## [DESCRIPTION OF THE TASK]
Below is a block of records. Copy every line in it that contains the word "Black".
----------------
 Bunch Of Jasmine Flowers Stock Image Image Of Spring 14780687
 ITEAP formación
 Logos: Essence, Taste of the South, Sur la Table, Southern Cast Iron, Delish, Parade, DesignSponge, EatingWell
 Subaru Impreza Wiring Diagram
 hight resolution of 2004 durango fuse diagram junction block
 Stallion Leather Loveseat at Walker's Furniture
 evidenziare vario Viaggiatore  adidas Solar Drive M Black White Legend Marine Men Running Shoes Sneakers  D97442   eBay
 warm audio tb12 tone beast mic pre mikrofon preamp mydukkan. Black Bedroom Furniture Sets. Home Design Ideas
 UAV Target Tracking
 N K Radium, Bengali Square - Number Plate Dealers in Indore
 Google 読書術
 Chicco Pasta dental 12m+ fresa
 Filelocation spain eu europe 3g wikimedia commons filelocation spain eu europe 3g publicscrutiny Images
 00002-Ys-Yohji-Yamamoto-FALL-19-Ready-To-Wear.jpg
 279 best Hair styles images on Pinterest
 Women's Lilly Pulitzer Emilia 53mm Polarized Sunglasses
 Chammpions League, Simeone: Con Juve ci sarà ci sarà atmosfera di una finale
----------------
## [TASK RESPONSE]
 evidenziare vario Viaggiatore  adidas Solar Drive M Black White Legend Marine Men Running Shoes Sneakers  D97442   eBay
 warm audio tb12 tone beast mic pre mikrofon preamp mydukkan. Black Bedroom Furniture Sets. Home Design Ideas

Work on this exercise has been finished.